Jacques Brunel, du rugby terroir à l’ère professionnelle
Jacques Brunel, du rugby terroir à l’ère professionnelle
Par Adrien Pécout
Le président de la Fédération française de rugby, Bernard Laporte, a officialisé, mercredi, la désignation de Jacques Brunel comme sélectionneur du XV de France, en remplacement de Guy Novès.
Jacques Brunel vient d’une autre époque : celle du rugby amateur, un rugby terroir dans lequel il a fait ses classes. / NICOLAS TUCAT / AFP
Voilà un Gersois, moustachu lui aussi. Sans remonter au XVIIe siècle et au mousquetaire d’Artagnan, Jacques Brunel vient d’une autre époque : celle du rugby amateur, un rugby terroir dans lequel il a fait ses classes. Jusqu’à sa nomination au grade suprême, mercredi 27 décembre : à bientôt 64 ans, le voilà donc nommé sélectionneur du XV de France en remplacement de Guy Novès.
Il entraînait jusqu’à présent l’Union Bordeaux-Bègles. Mais son apprentissage au plus haut niveau, il le doit surtout à trois équipes désormais portées disparues de la première division.
D’abord à Auch, ce club qui périclite aujourd’hui au sixième échelon national, celui de l’illustre Jacques Fouroux. Jacques Brunel y a joué, puis entraîné : le temps de cultiver le goût du rugby et celui de la vigne.
« Il faut avoir de la patience »
En parallèle du sport, le jeune homme commence à gagner sa vie comme viticulteur, le même métier que ses parents. « Dans la viticulture, il faut avoir de la patience, il faut du temps pour construire une vigne, pour la mener à bien », dit-il. Comme une équipe de rugby, oui.

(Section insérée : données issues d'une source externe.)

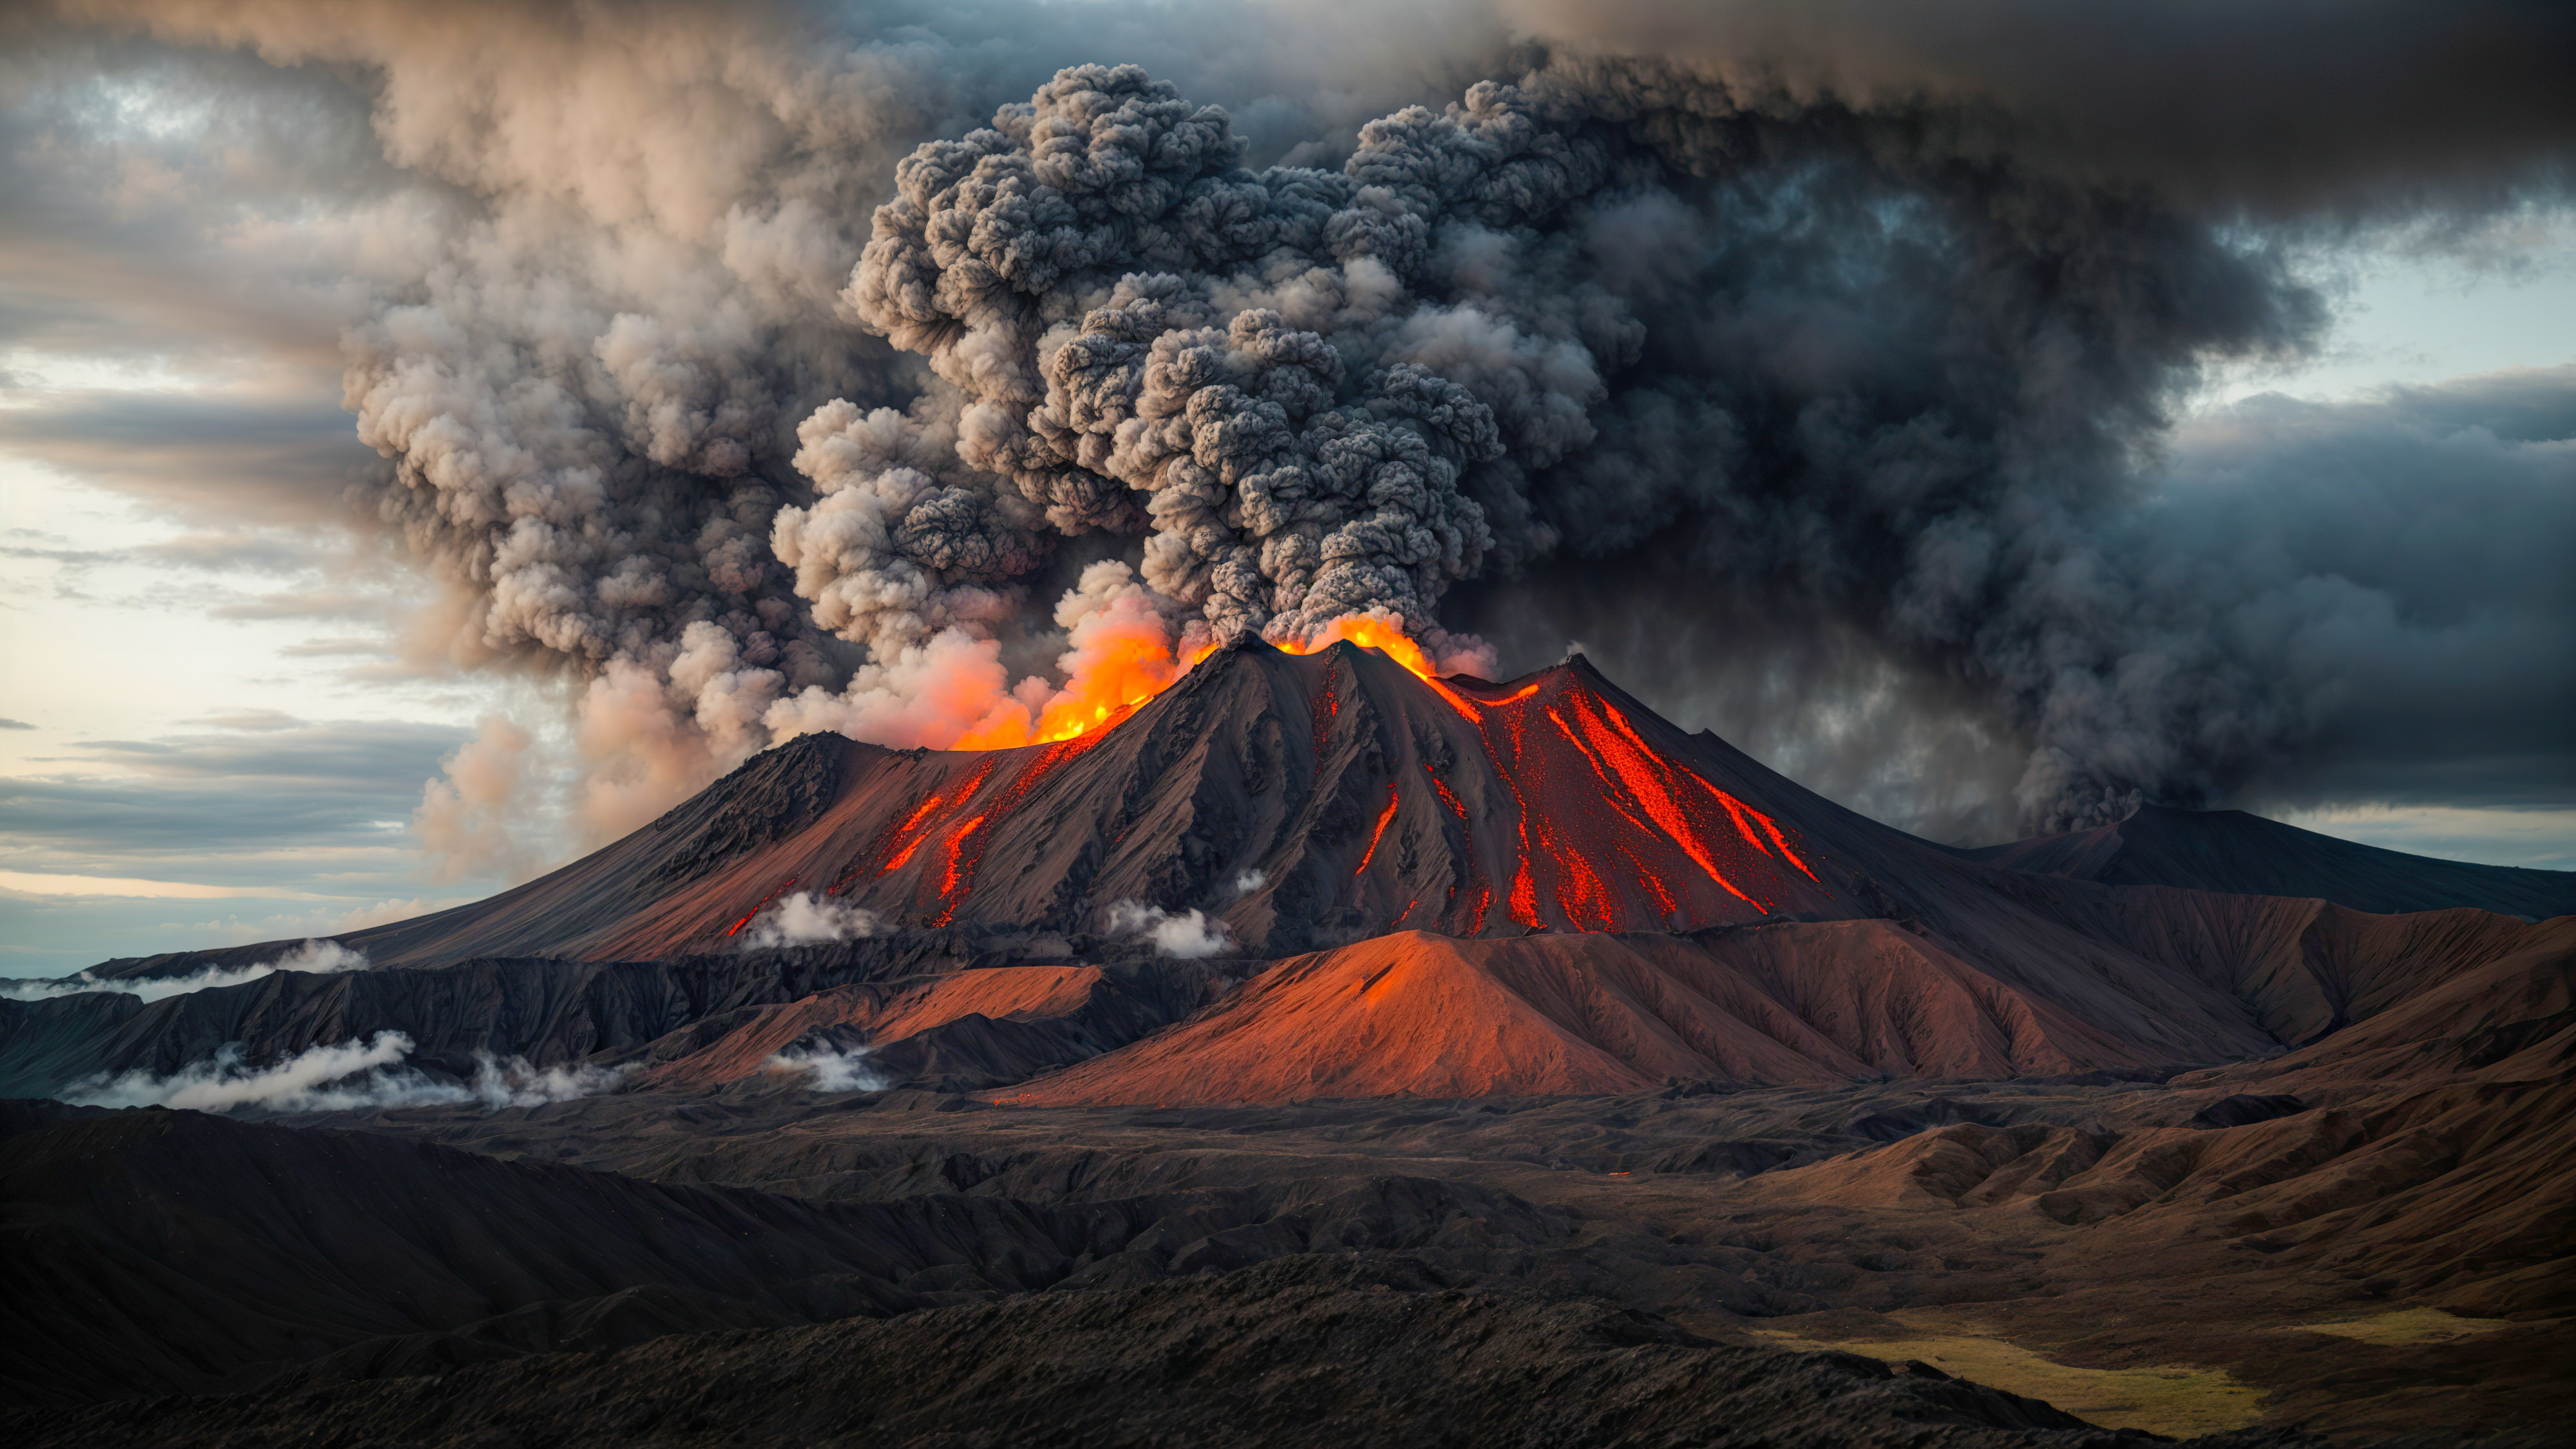 Vivez l'intensité d'une montagne volcanique avec un cratère fumant et une coulée de lave, capturée dans ce fond d'écran sombre sous un ciel nuageux.

L’ancien joueur travaille ensuite comme cadre pour un groupement d’assurance et pour la Mutualité sociale agricole, la « Sécu » des agriculteurs. « Un travail de terrain, raconte-t-il à présent. Tous les jours, j’allais à leur rencontre, dans leurs maisons, dans leurs familles, je les aidais dans leur cheminement administratif pour les questions de retraites, de maladies. »
Vient l’exil hors du Gers : à Colomiers, puis à Perpignan. Deux clubs de plus grande envergure. En 1998, Jacques Brunel prend une décision « sans possibilité de retour » : « Je sentais à ce moment que le fait d’avoir deux activités altérait mon travail dans un secteur comme dans l’autre. » Il quitte alors son poste à la Mutualité pour se consacrer au rugby professionnel, encore à ses prémices.
Pour commencer, un beau parcours avec les Hauts-Garonnais de Colomiers lui donne raison : l’équipe se hisse en finale de la Coupe d’Europe 1999. La décennie suivante, consécration nationale : les Catalans de Perpignan remportent le titre de champion de France 2009.
Cette année-là, un malaise cardiaque contraint le Gascon à arrêter la cigarette. Mais pas le rugby. Un sport qu’il apprécie avant tout pour son essence collective, comme les travaux des champs : « A la campagne, il y a toujours des activités où tout le monde vient participer, on appelle ça des corvées. Tous les voisins se réunissent et on fait un travail en commun pour le blé, pour la vigne, par exemple. »
Un passionné
Jacques Brunel vit aussi avec son temps, et s’accommode très vite du professionnalisme. De 2001 à 2007, il intègre déjà le XV de France en tant qu’adjoint de Bernard Laporte, alors sélectionneur. Leur collaboration s’accompagne de plusieurs succès au Tournoi des six nations (quatre titres) et d’expériences plus mitigées en Coupe du monde (deux fois demi-finaliste).
Apprécié pour son calme et ses qualités d’écoute, l’entraîneur se spécialise dans le domaine des avants, lui qui jouait au poste d’arrière. « Cet homme a une telle intelligence rugbystique qu’il m’a appris plein de choses, à moi, pilier ! », s’étonne encore Stéphane Graou, un ancien d’Auch et de Colomiers, qui salue un « technicien d’une très grande qualité ».
Un passionné, aussi : « Jacques regardait toujours des matchs, il bouffait de la vidéo », se souvient Marius Tincu, ex-talonneur de Perpignan. Philippe Ducousso, ancien adjoint à Colomiers, garde aussi en mémoire des soirées moins studieuses : « Parfois, Jacques sortait une cuvée d’armagnac exceptionnelle » et en faisait profiter toute la compagnie. Une bande qui avait en commun le plaisir de jouer, et bien souvent de gagner.
Enchaîner les victoires : une expérience moins souvent vécue à la tête de la fragile sélection nationale italienne (2011-2016)… ou même avec Bordeaux-Bègles : à la mi-saison, Jacques Brunel laisse le club girondin à la huitième place du Top 14.